● **WHAT THIS TASK INVOLVES**: Everything in the listing except the pictures should be written out exactly.

● **DATA SHOWN**:
###
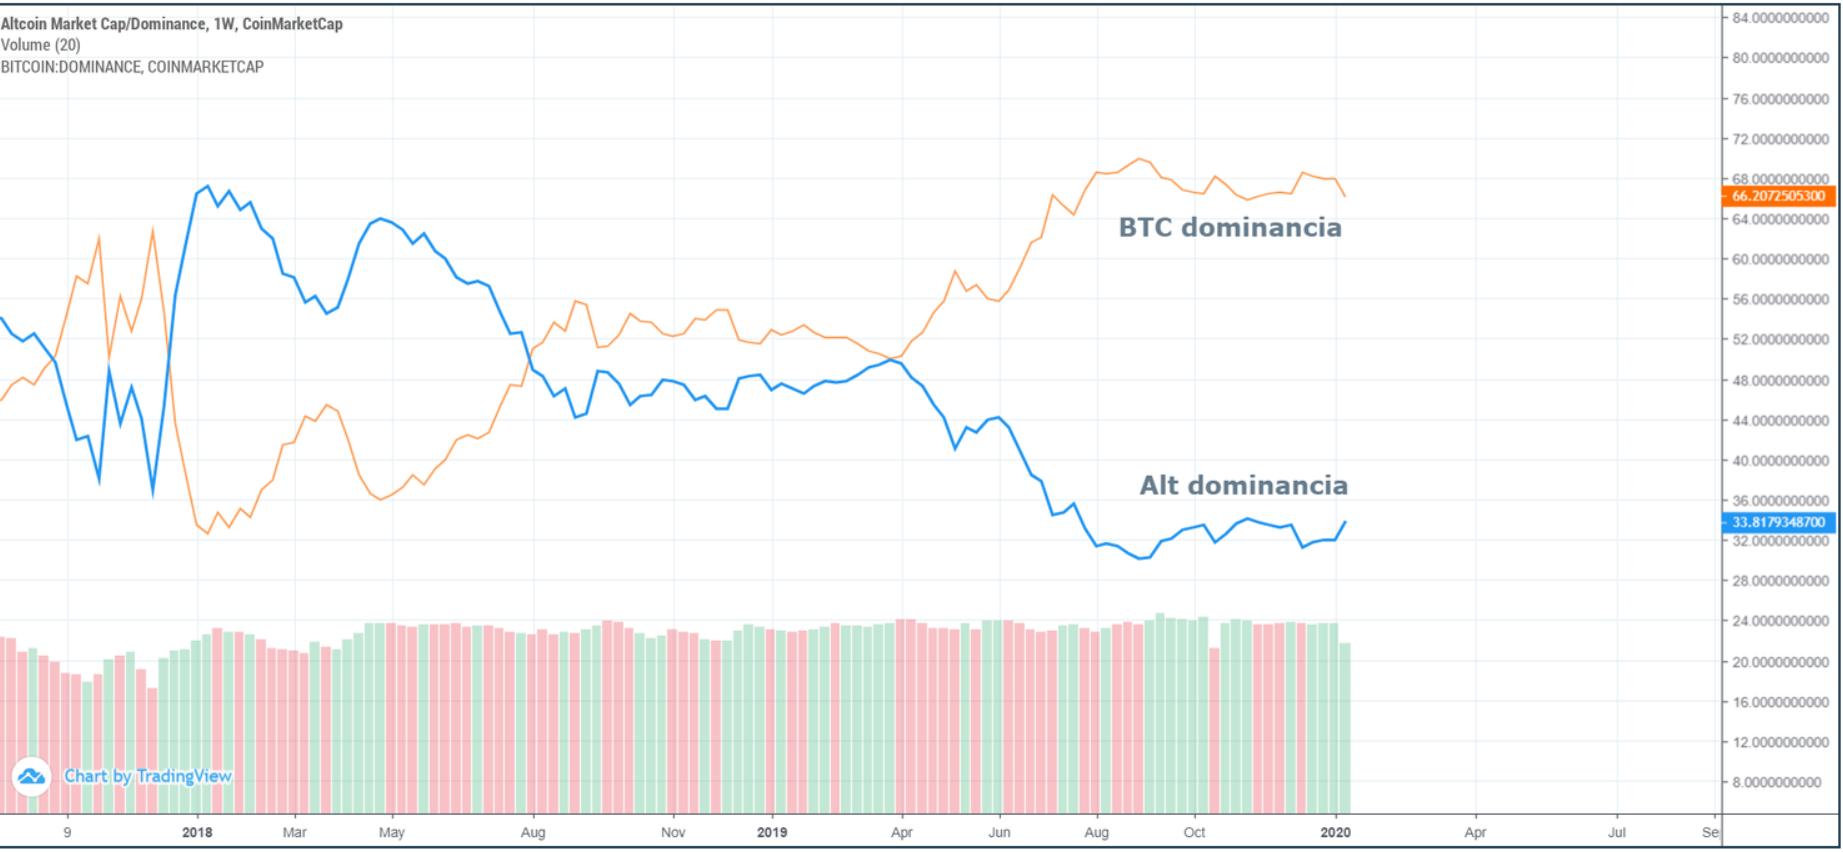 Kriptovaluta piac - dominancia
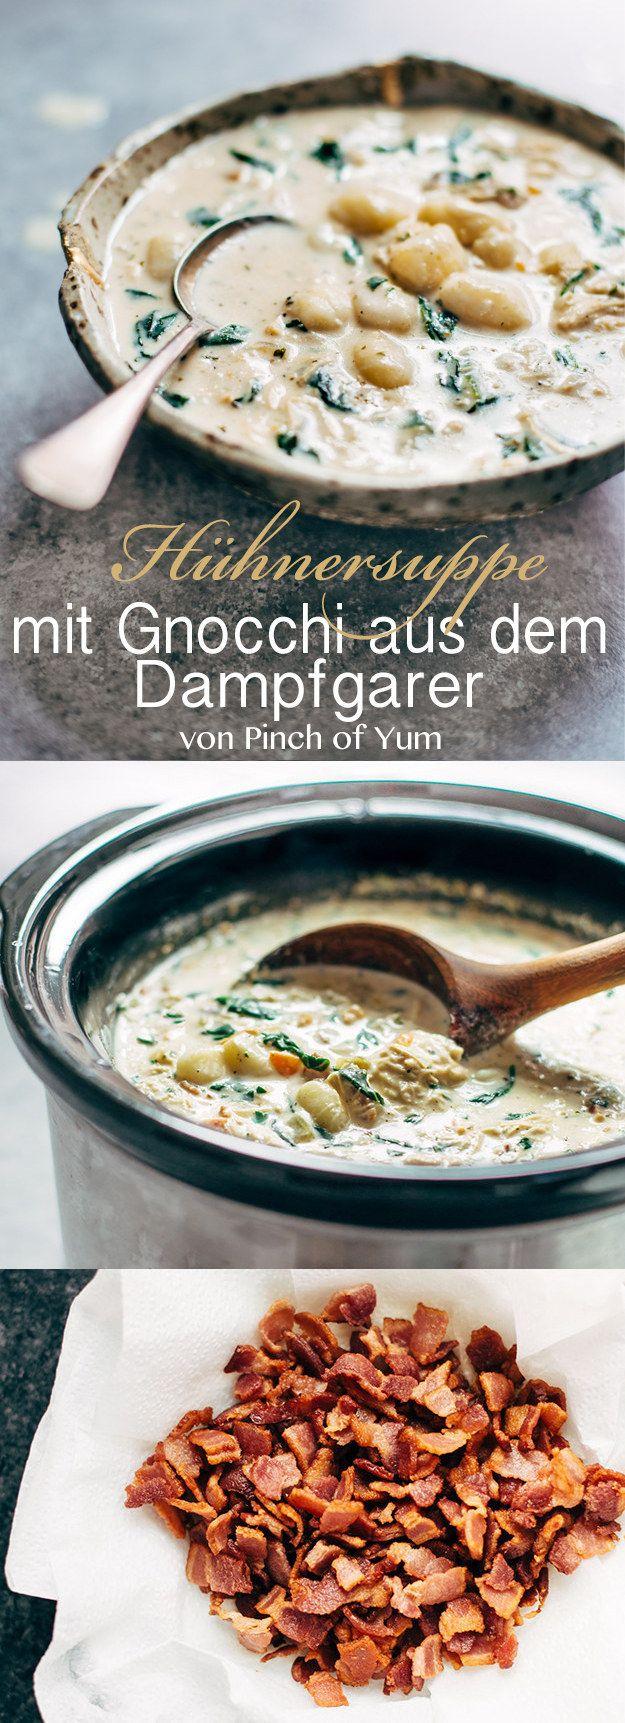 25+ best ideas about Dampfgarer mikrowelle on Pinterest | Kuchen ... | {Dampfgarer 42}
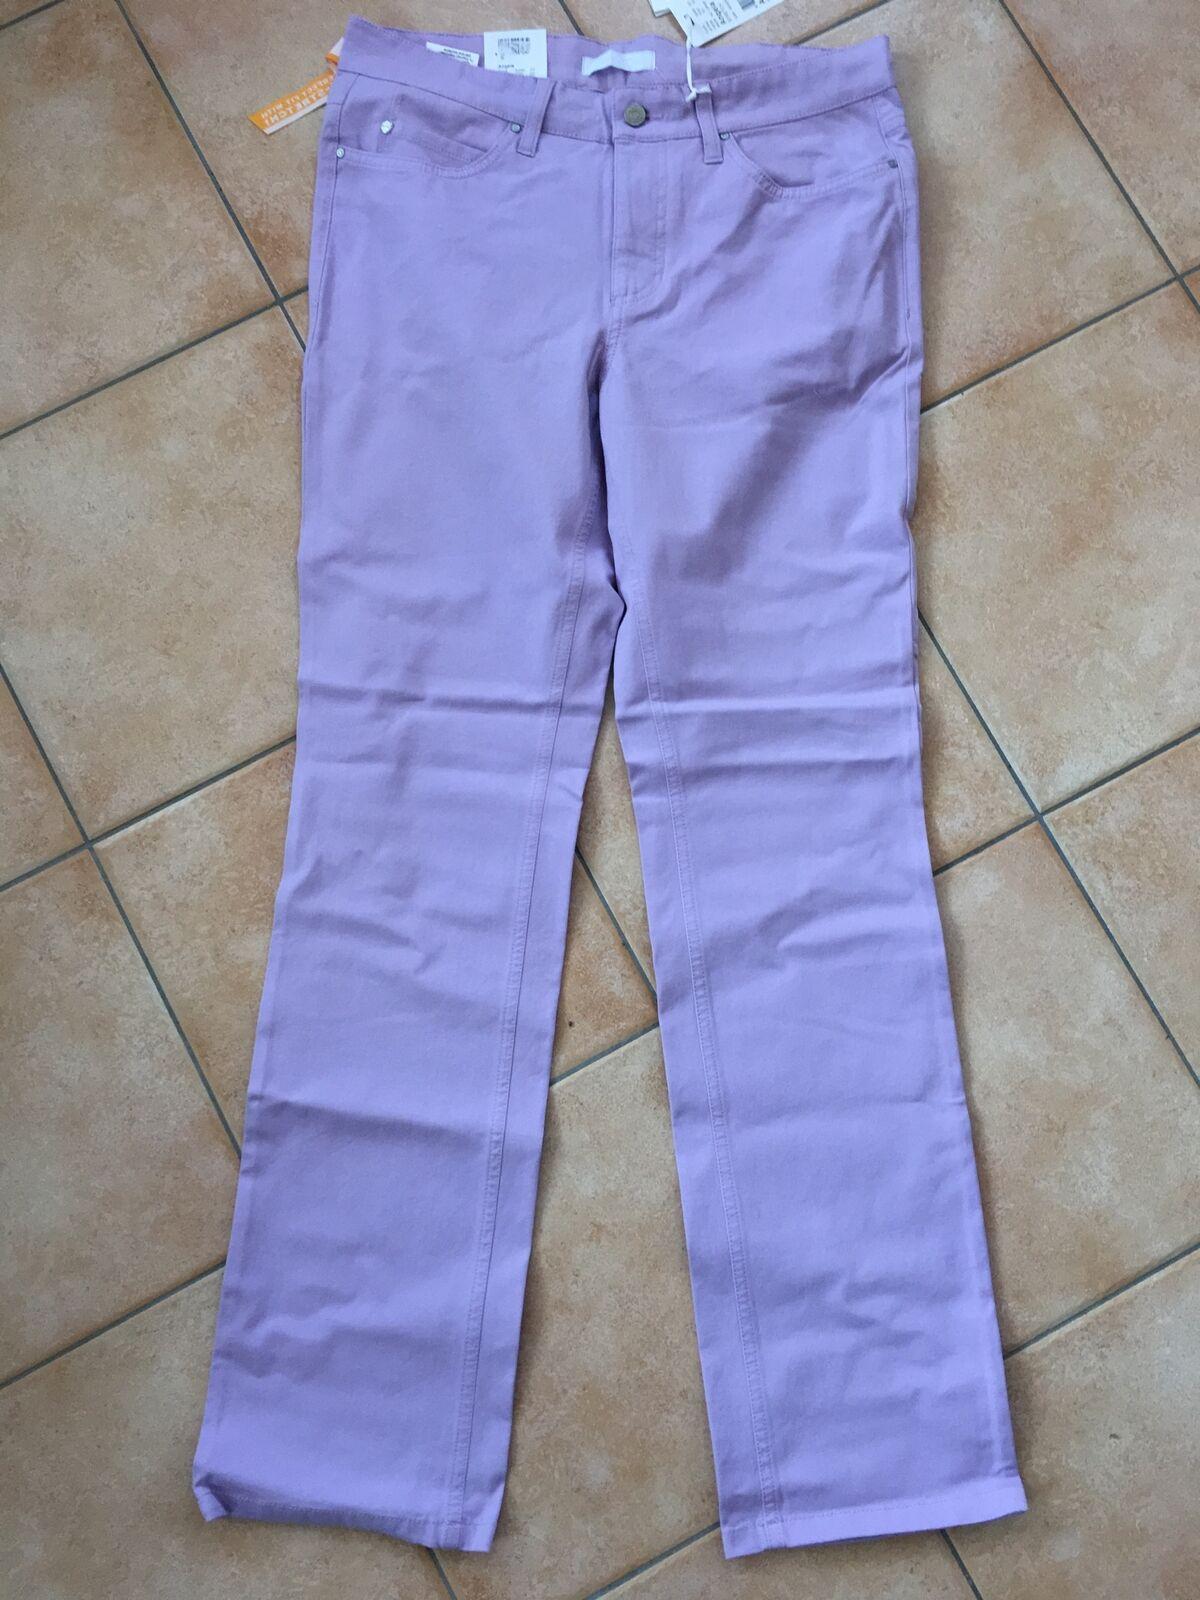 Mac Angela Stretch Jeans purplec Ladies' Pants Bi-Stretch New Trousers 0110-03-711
###
● **FINAL ANSWER**:
 Kriptovaluta piac - dominancia
 25+ best ideas about Dampfgarer mikrowelle on Pinterest | Kuchen ... | {Dampfgarer 42}
 Mac Angela Stretch Jeans purplec Ladies' Pants Bi-Stretch New Trousers 0110-03-711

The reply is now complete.